Muncul suatu pertanyaan, apakah para politisi ini ingin membangun negara bersama para kaum millenial yang terkenal akan kreativitasnya, atau hanya ingin mengeruk suara dari kaum milenial agar lebih dekat dengan jabatan impian?
Menurut Survey terakhir dari LIPI suara milenial dalam  pemilu memiliki rasio yang cukup fantastis yaitu 35 sampai 40% atau sekitar 80 juta dari total 192 juta warga negara indonesia yang masuk DPT (daftar pemilih tetap). Tentunya angka ini menjadi ajang perebutan antara 2 kubu yang sama-sama ingin menarik hati milenial, tetapi mayoritas milenial memiliki mindset rasional dan dengan sadar ingin berpartisipasi dalam pemilu tahun ini terutama Pilpres (pemilihan presiden) tidak hanya sekedar fanatisme buta.

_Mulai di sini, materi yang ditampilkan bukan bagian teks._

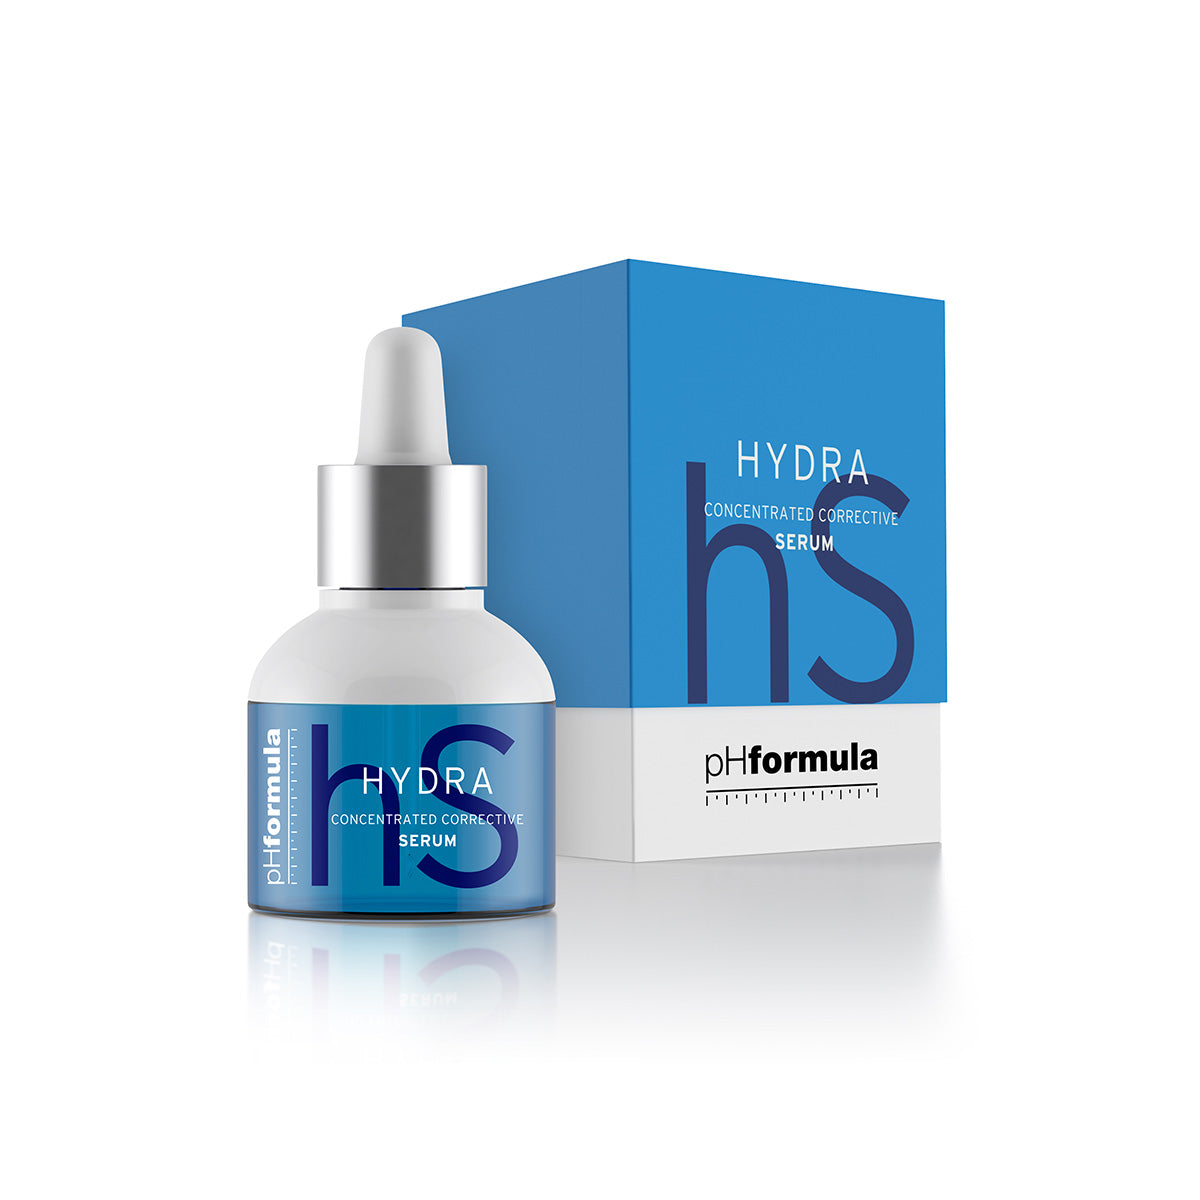 phformula hydra concentrated corrective serum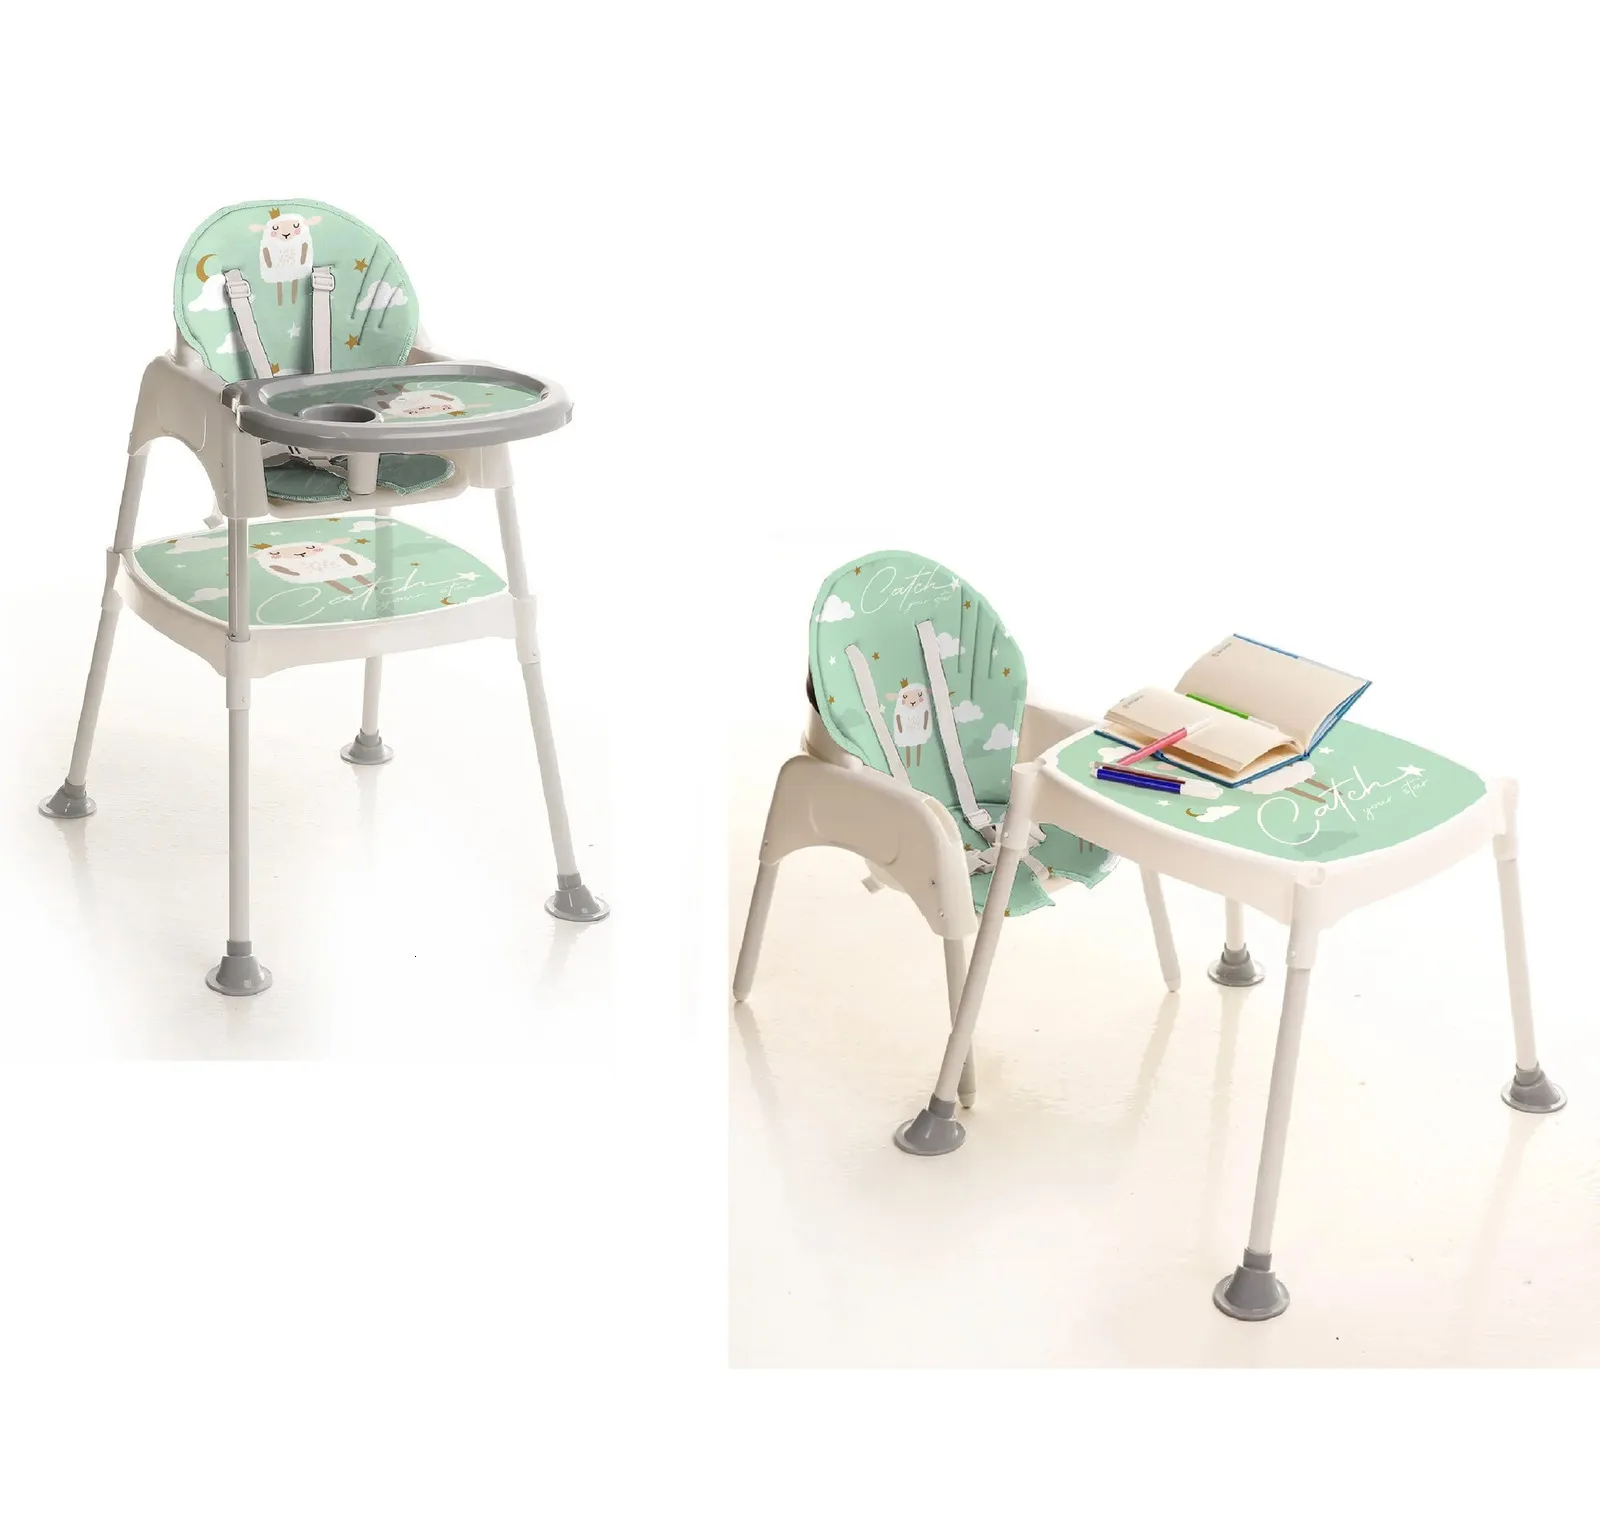 Hoge stoel babyvoeding voor stoel kinderen stoel op maat gemaakte plastic kleurverpakkingsmateriaal oorsprong kalkoen 240401

Namun menurut CEO Jeune & Raccord Communication setelah survey yang mereka lakukan ada sekitar 40% dari total jumlah DPT milenial yang memiliki kecenderungan golput (golongan putih). Sekitar 51.8% merasa tidak perlu ke TPS (Tempat Pemungutan Suara) karena tidak peduli dengan politik dan 30.8% merasa tidak perlu ke TPS justru karena mereka mengikuti isu politik sedangkan persentase sisanya merasa tidak perlu memilih karena berbagai alasan yang tidak terlalu signifikan.
Apa itu golput? Golongan putih ("golput") menurut Kamus Besar Bahasa Indonesia yang kami akses melalui Badan Pengembangan dan Pembinaan Bahasa, Kementerian Pendidikan dan Kebudayaan Republik Indonesia secara online adalah.
- warga negara yang menolak memberikan suara dalam pemilihan umum sebagai tanda protes.
- golongan muslim: putih berhasil menghalau golongan merah dalam konflik itu
Dari hal tersebut dapat di asumsikan golput yang dimaksud adalah golput tidak memberikan suara dalam pemilihan umum ("pemilu").
Kembali lagi ke permasalahan, apabila angka ini jika benar terjadi tentunya sangat memprihatinkan, ketika kita sebagai rakyat diberikan kesempatan untuk menentukan arah indonesia selama 5 tahun kedepan tetapi malah acuh tak acuh, atau beberapa lainnya justru paham dengan isu-isu politik tapi sudah muak dengan berbagai pertikaian, fitnah dan hoax yang beredar dan bahkan tidak percaya dengan integritas praktisi politik di indonesia.
Sebenarnya masalah ini sudah muncul dari pemilu ke pemilu lainnya namun atmosfer Pemilu tahun ini terutama Pilpres memang jauh lebih intens karena dibumbui dengan derasnya hoax, fitnah, Korupsi dan isu SARA(suku,agama dan ras) yang terus bermunculan menjelang pemilu, yang mana hal-hal ini tidak muncul di pemilu sebelumnya, dan makin membuat pemilih kebingungan dan jengkel sehingga tendensi untuk golput diprediksi meningkat drastis tahun ini.
Lalu apakah golput merupakan tindakan yang melawan hukum? Golput adalah hak, ada yang dinamakan 'hak politik' ( hak untuk memilih dan dipilih) yang dilindungi, termasuk sekalipun hak untuk tidak memilih. Tidak ada sanksi pidana jika seseorang golput karena seseorang bebas untuk memilih dan mempunyai keyakinan politiknya.
 Yang menjadi suatu pelanggaran pidana adalah ketika mempengaruhi atau mengajak untuk tidak menggunakan hak pilihnya (golput) dengan menjanjikan atau memberikan uang atau materi lainnya kepada pemilih. Pelaku dapat dipidana penjara paling lama 3 tahun dan denda paling banyak Rp 36 juta.
Terlepas golput sendiri bukanlah tindakan yang melanggar hukum, namun bukankah lebih baik sebagai milenial yang cerdas kita melangkahkan kaki ke TPS untuk menentukan arah masa depan bangsa dan negara.Â
Golput bukanlah solusi yang bijak karena tentunya dengan memilih, suara kita tidak akan dimanfaatkan oknum-oknum tidak bertanggung jawab hanya karena kita malas melangkahkan kaki ke TPS.